DATA SECTION Block Start
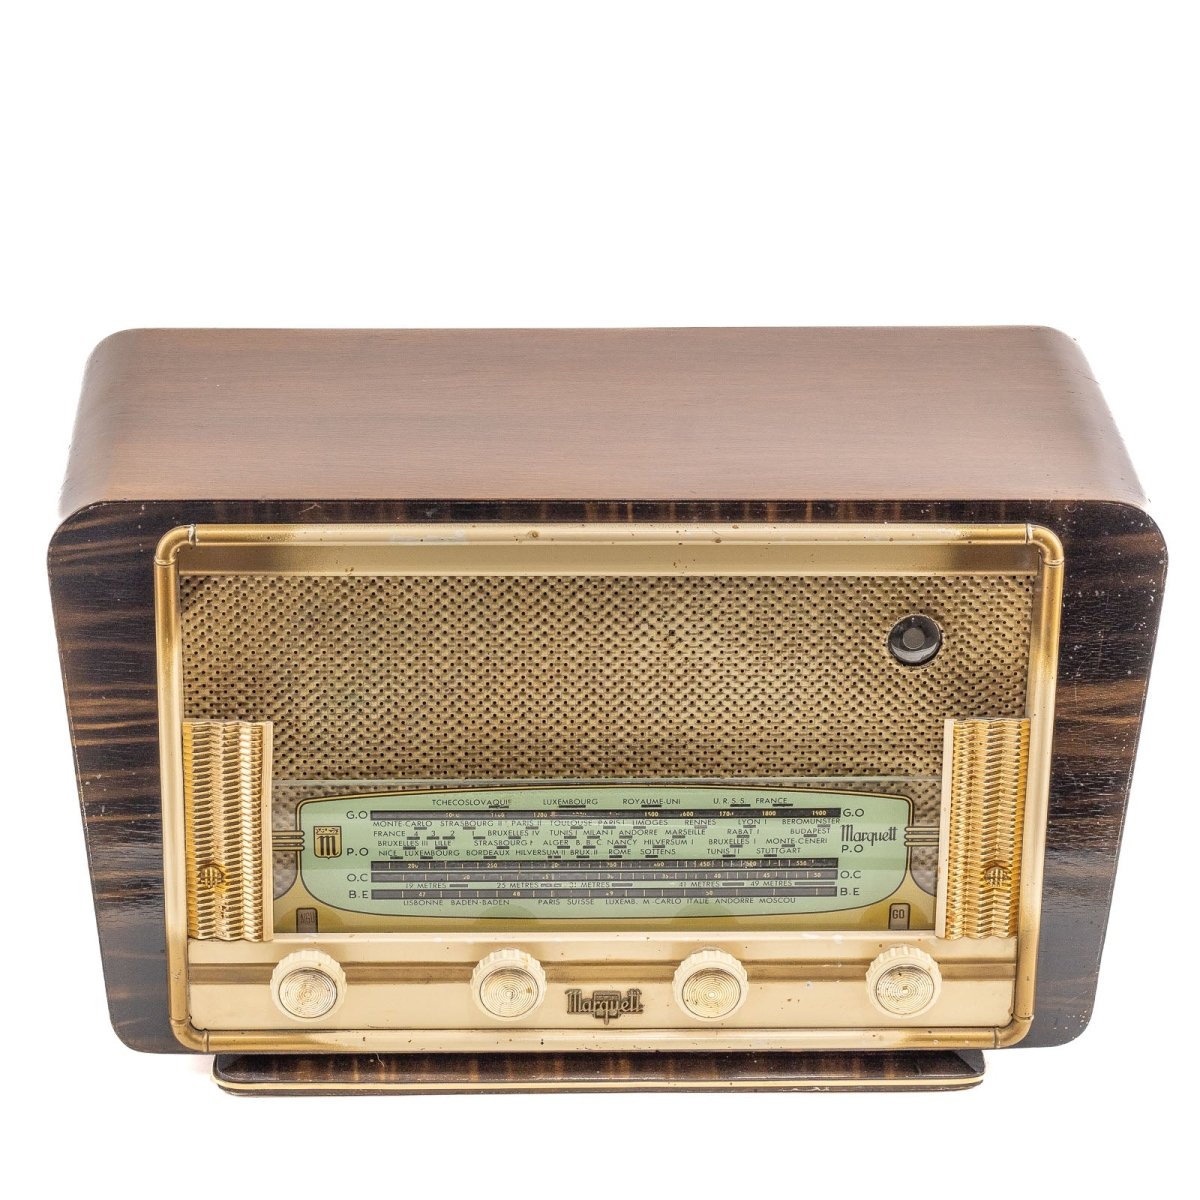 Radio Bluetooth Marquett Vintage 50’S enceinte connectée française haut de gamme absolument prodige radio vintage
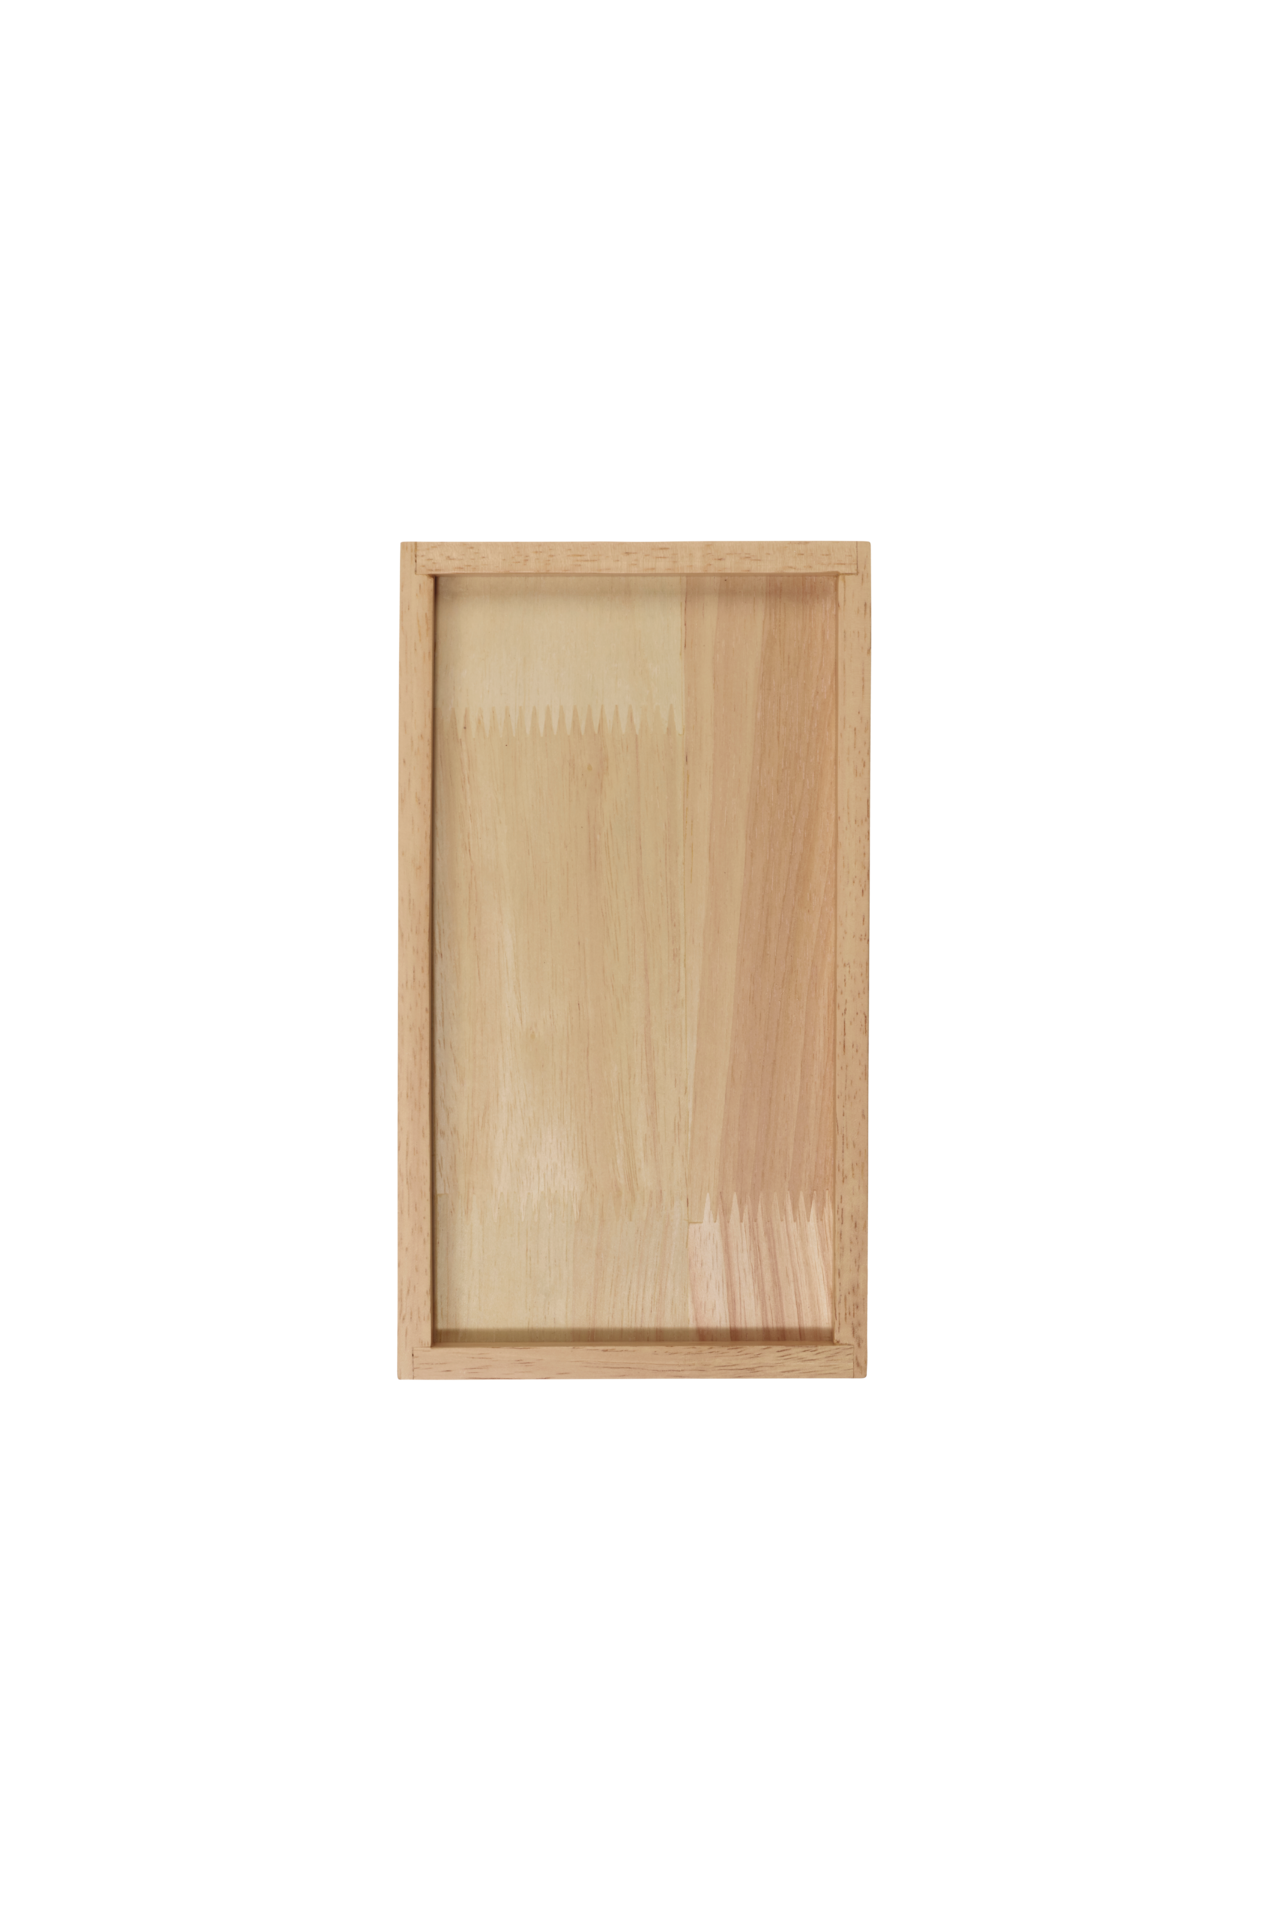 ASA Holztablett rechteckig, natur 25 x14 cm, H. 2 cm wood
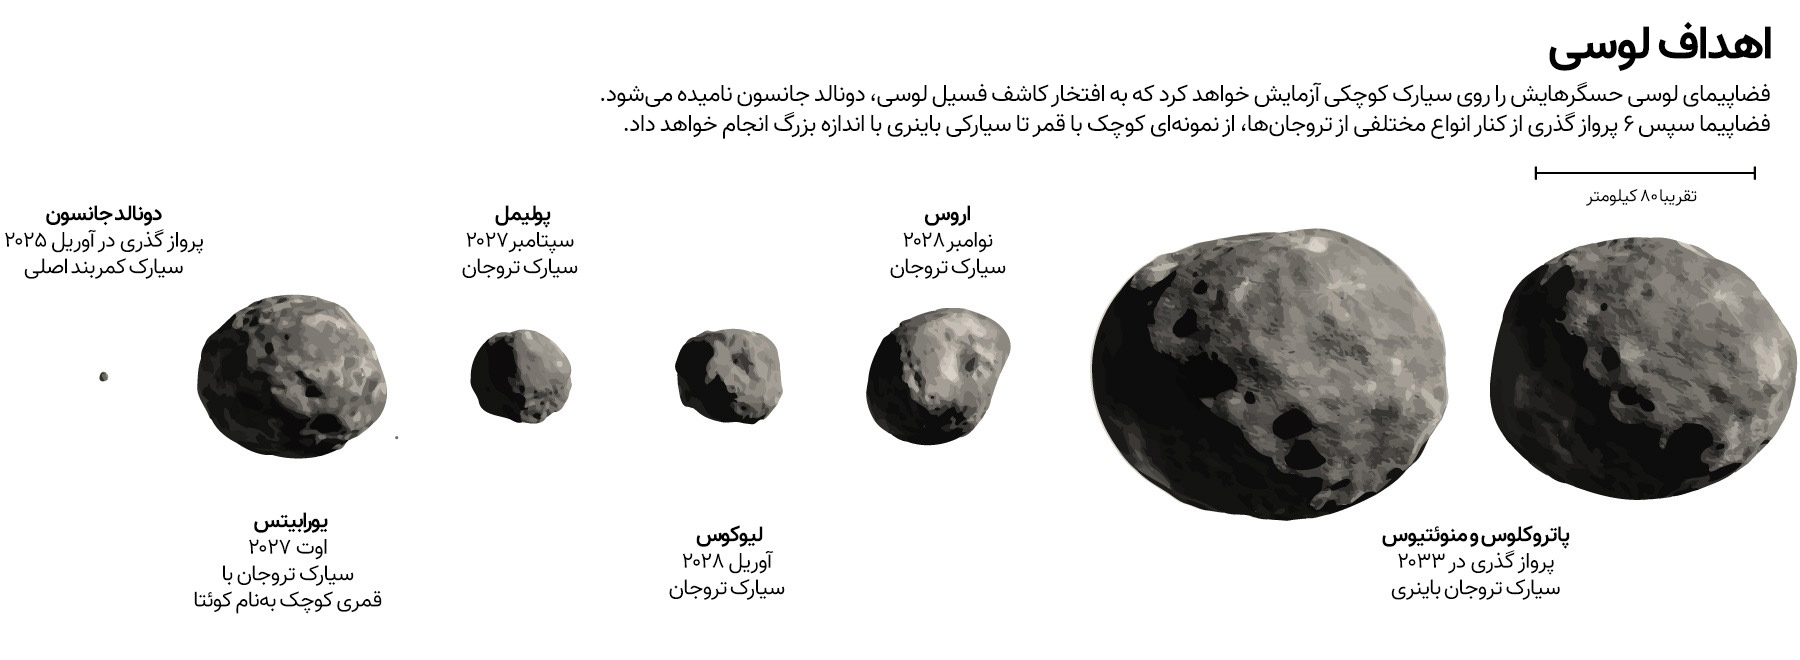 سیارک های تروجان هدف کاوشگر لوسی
DATA SECTION Block End
_PROBLEM DETAILS_
Please copy the data shown above word for word, omitting the pictures.

_ANSWER TO THIS EXERCISE_
 Radio Bluetooth Marquett Vintage 50’S enceinte connectée française haut de gamme absolument prodige radio vintage
 ASA Holztablett rechteckig, natur 25 x14 cm, H. 2 cm wood
 سیارک های تروجان هدف کاوشگر لوسی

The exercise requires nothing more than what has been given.